Give the lines again exactly as they appear below, from the line with "Mensvriendelijke architectuur '70" to the line with "Felipe VI, junto", both included, and only those lines. Leave every picture out.

▶ [Provided entries]:
========================================================================

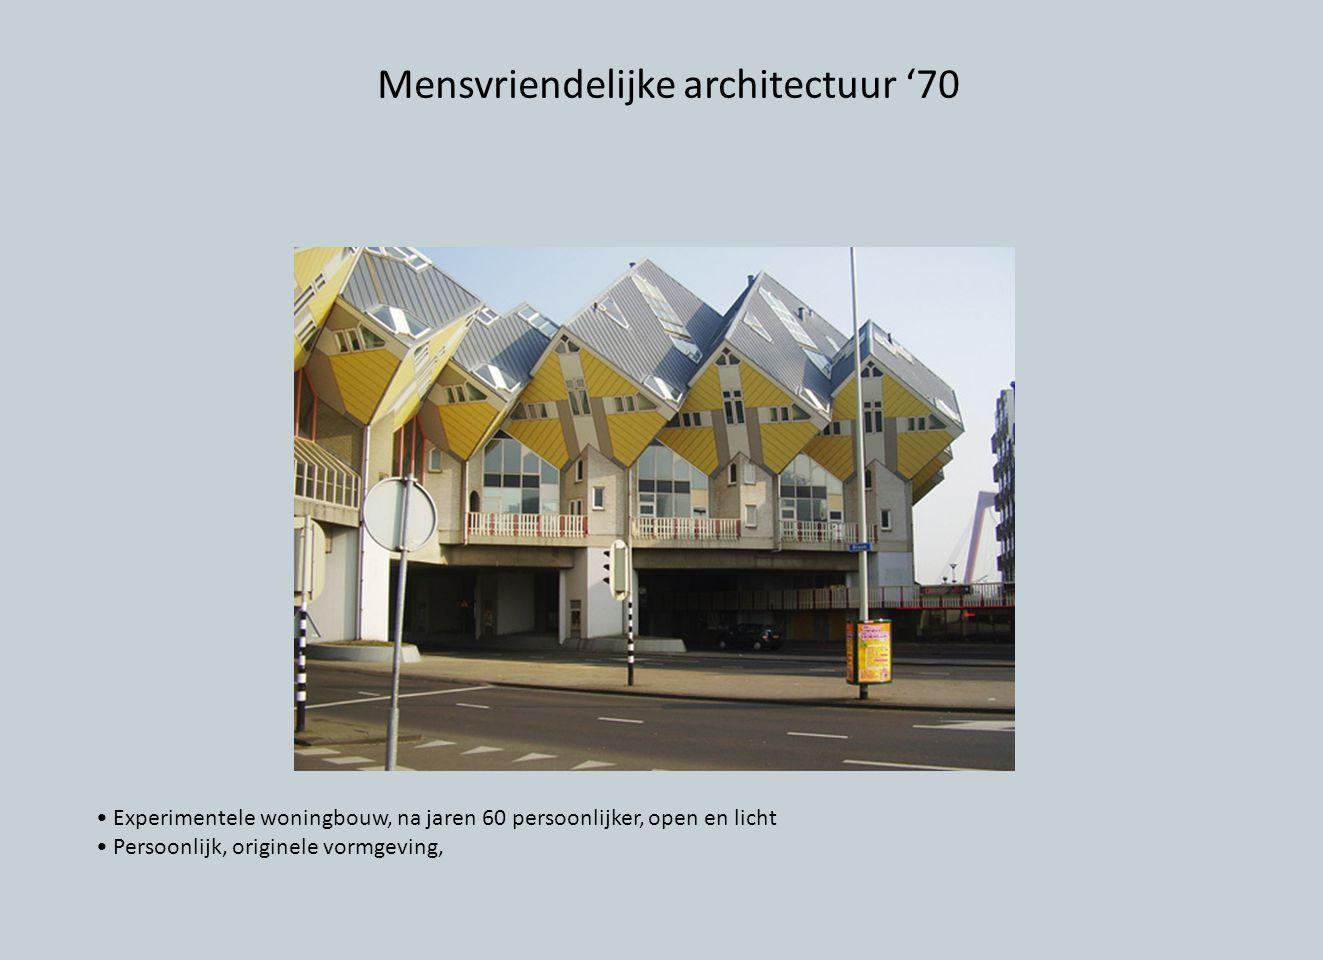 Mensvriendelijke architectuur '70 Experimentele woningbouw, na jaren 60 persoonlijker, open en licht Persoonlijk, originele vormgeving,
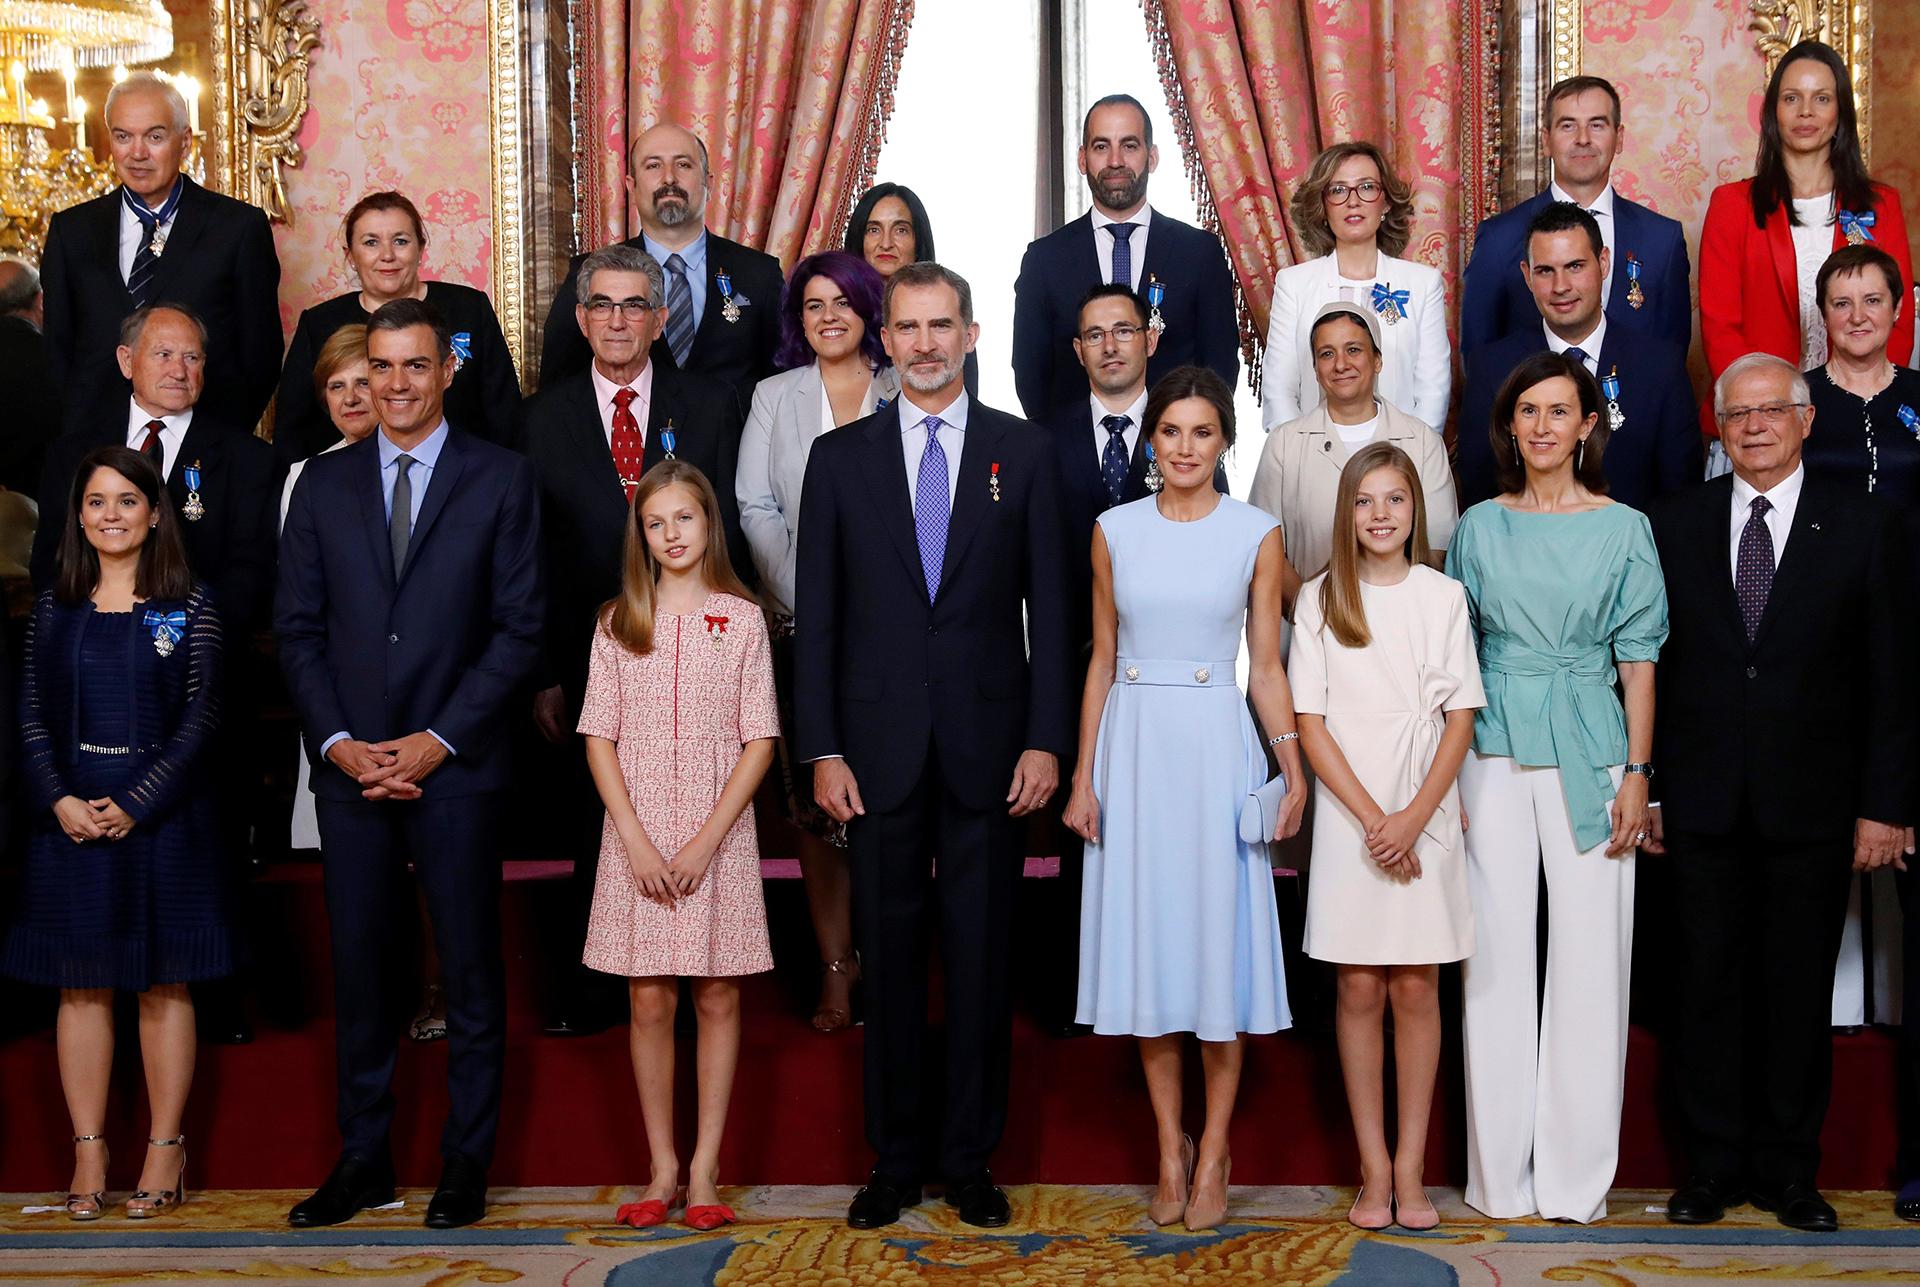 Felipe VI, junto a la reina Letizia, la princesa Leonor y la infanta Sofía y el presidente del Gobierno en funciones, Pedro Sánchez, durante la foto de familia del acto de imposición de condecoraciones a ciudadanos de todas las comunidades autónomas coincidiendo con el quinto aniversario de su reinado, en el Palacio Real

========================================================================

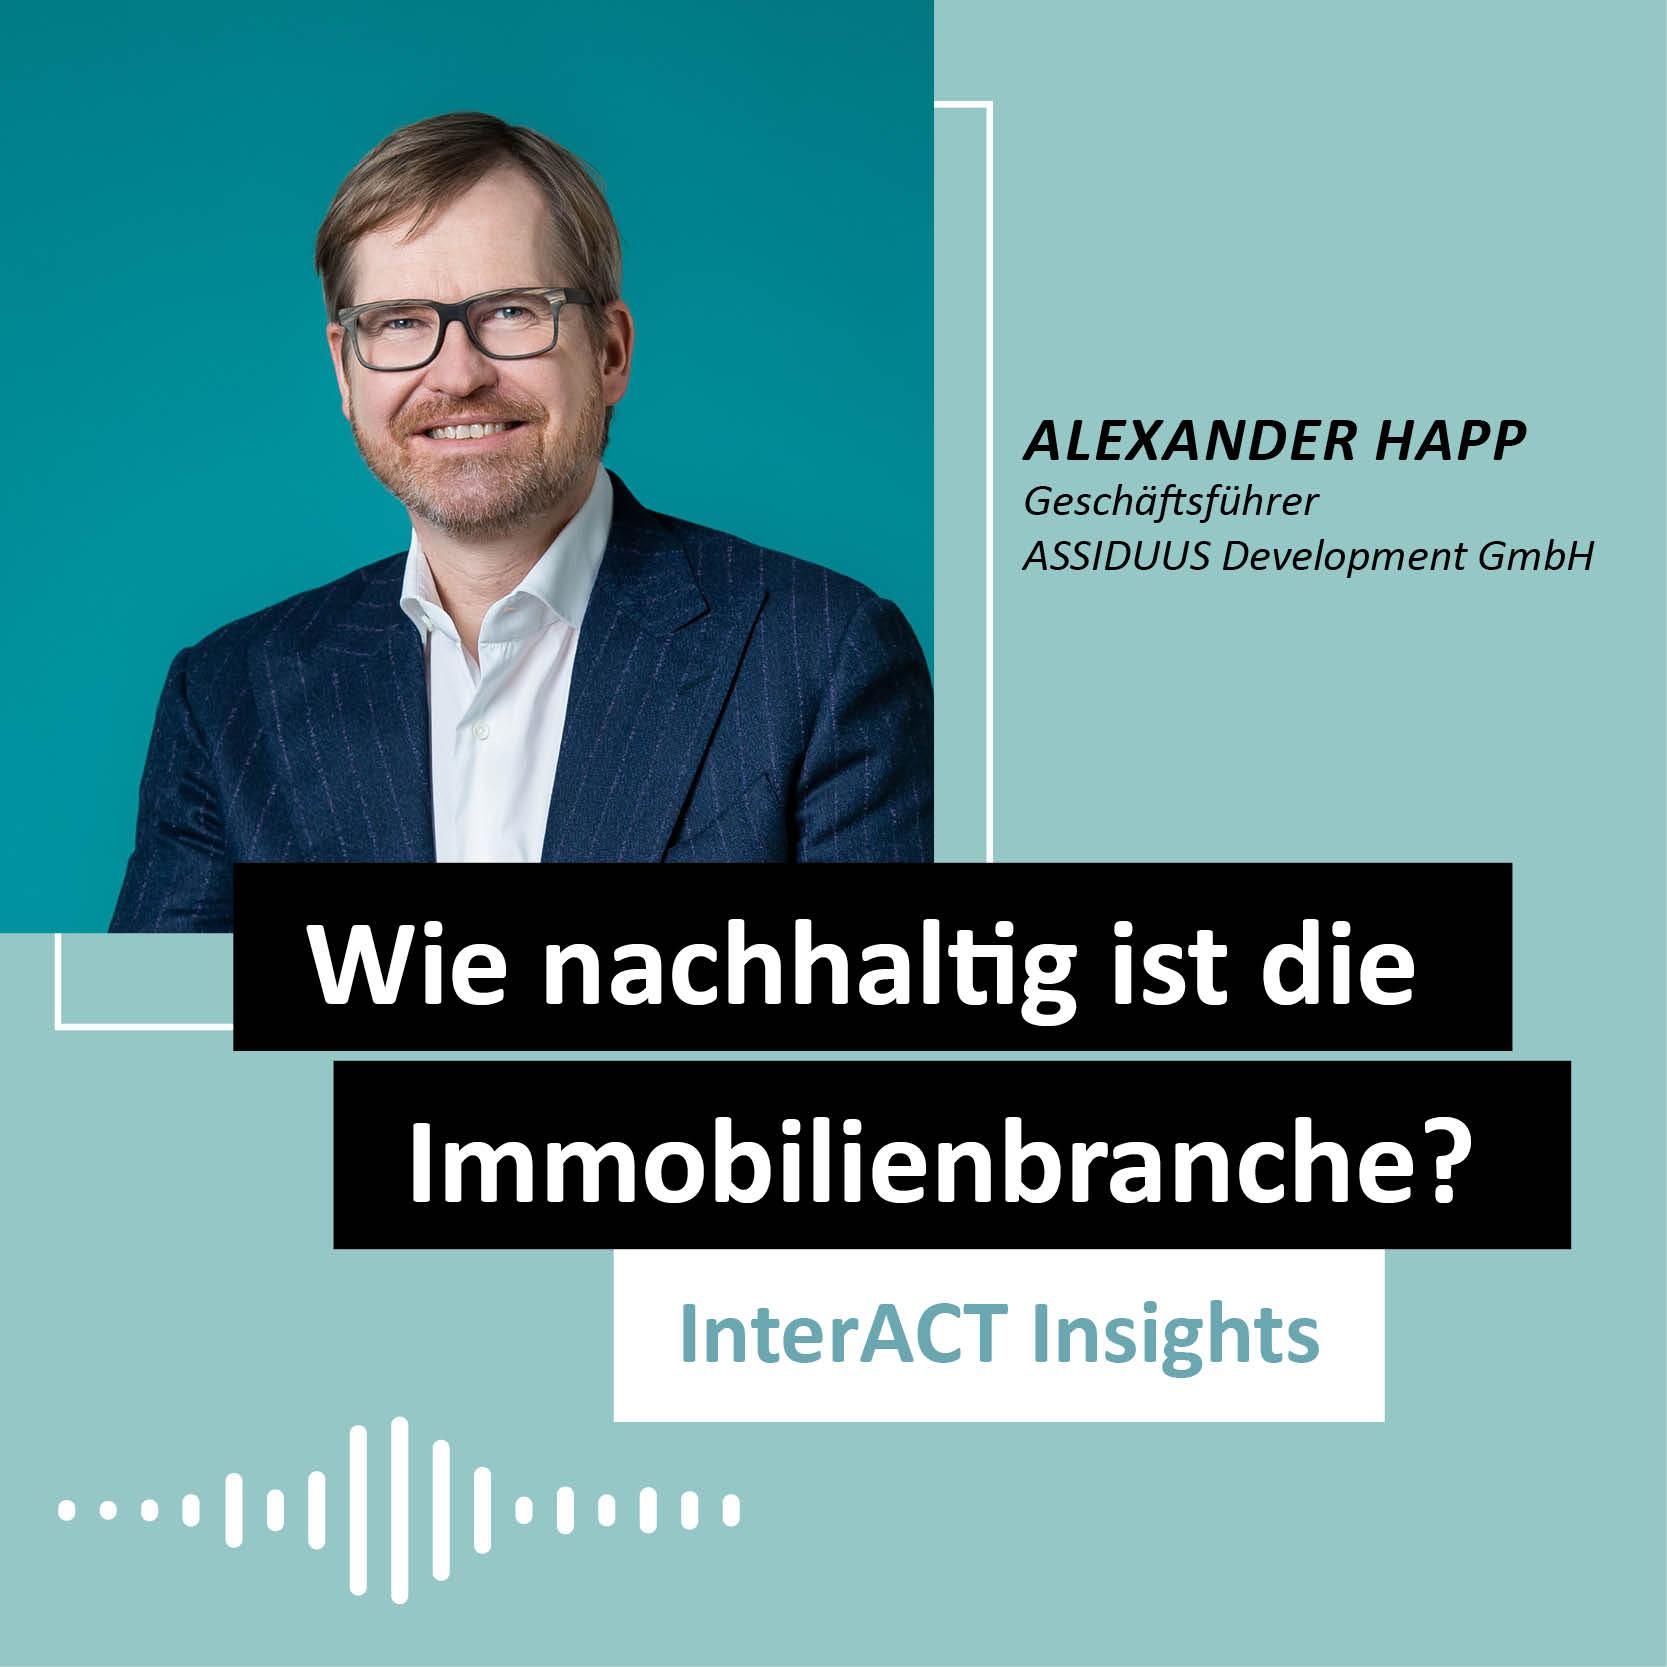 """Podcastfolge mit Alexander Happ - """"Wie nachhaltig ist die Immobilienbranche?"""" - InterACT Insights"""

========================================================================

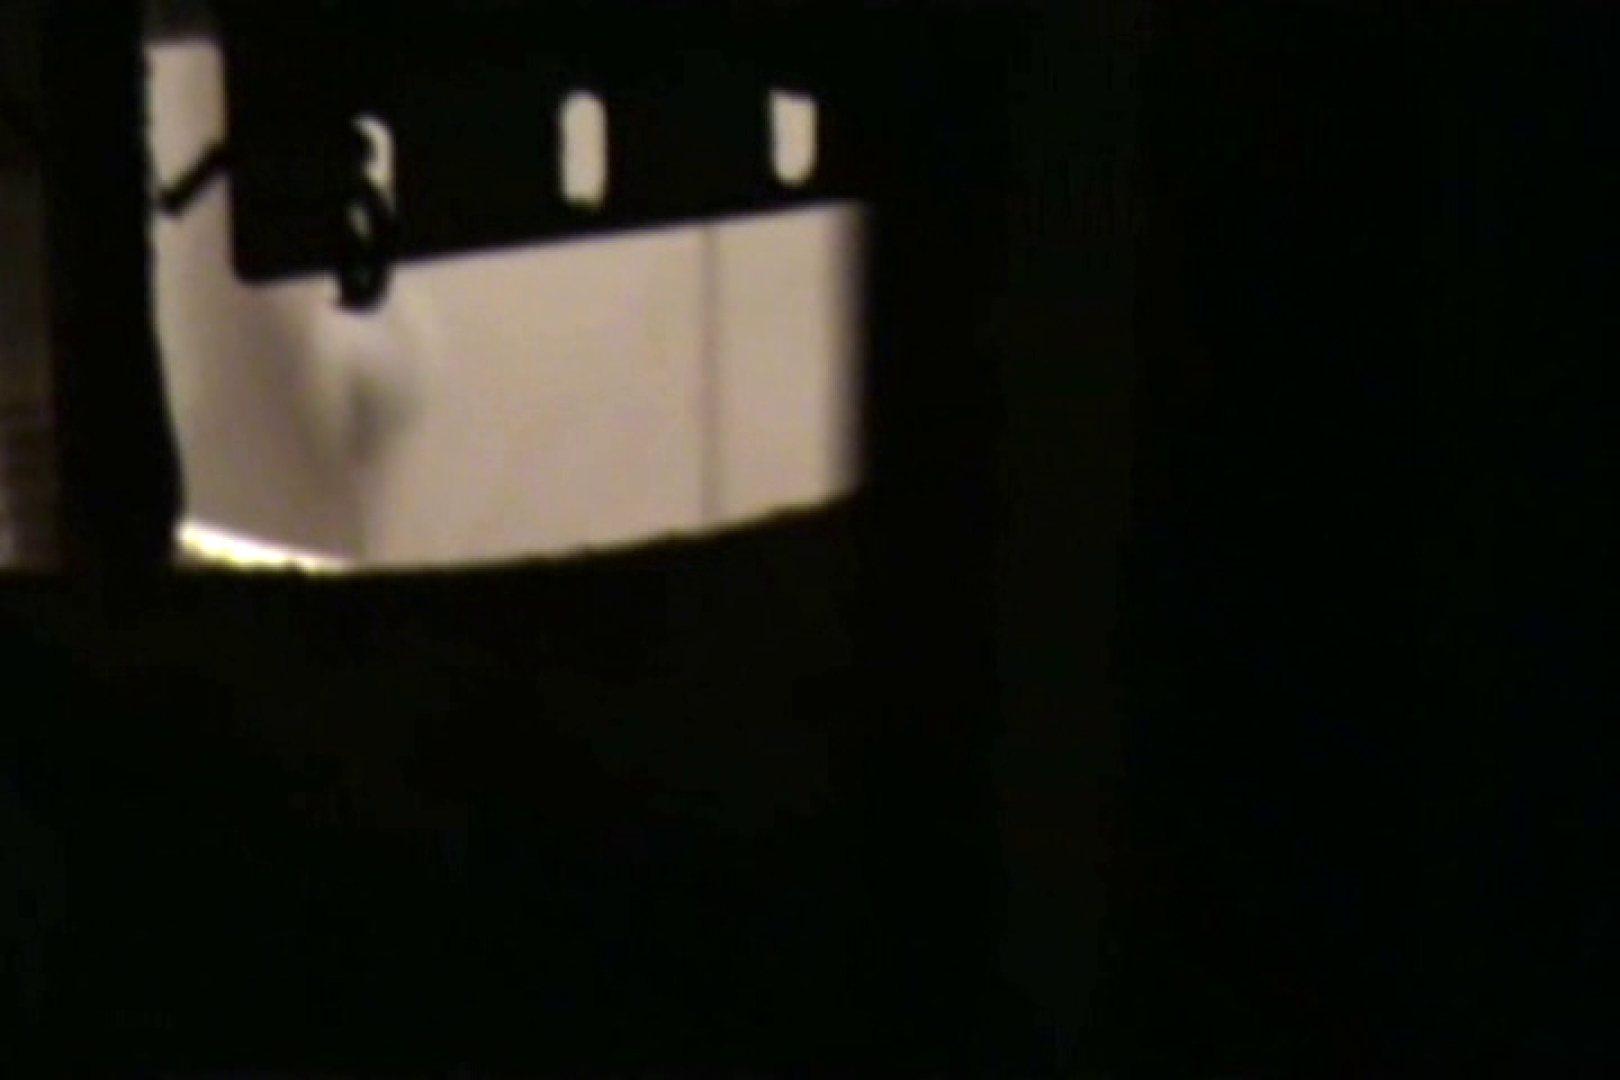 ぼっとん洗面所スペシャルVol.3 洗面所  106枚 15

========================================================================

▶ [Task answer]:
 Mensvriendelijke architectuur '70 Experimentele woningbouw, na jaren 60 persoonlijker, open en licht Persoonlijk, originele vormgeving,
 Felipe VI, junto a la reina Letizia, la princesa Leonor y la infanta Sofía y el presidente del Gobierno en funciones, Pedro Sánchez, durante la foto de familia del acto de imposición de condecoraciones a ciudadanos de todas las comunidades autónomas coincidiendo con el quinto aniversario de su reinado, en el Palacio Real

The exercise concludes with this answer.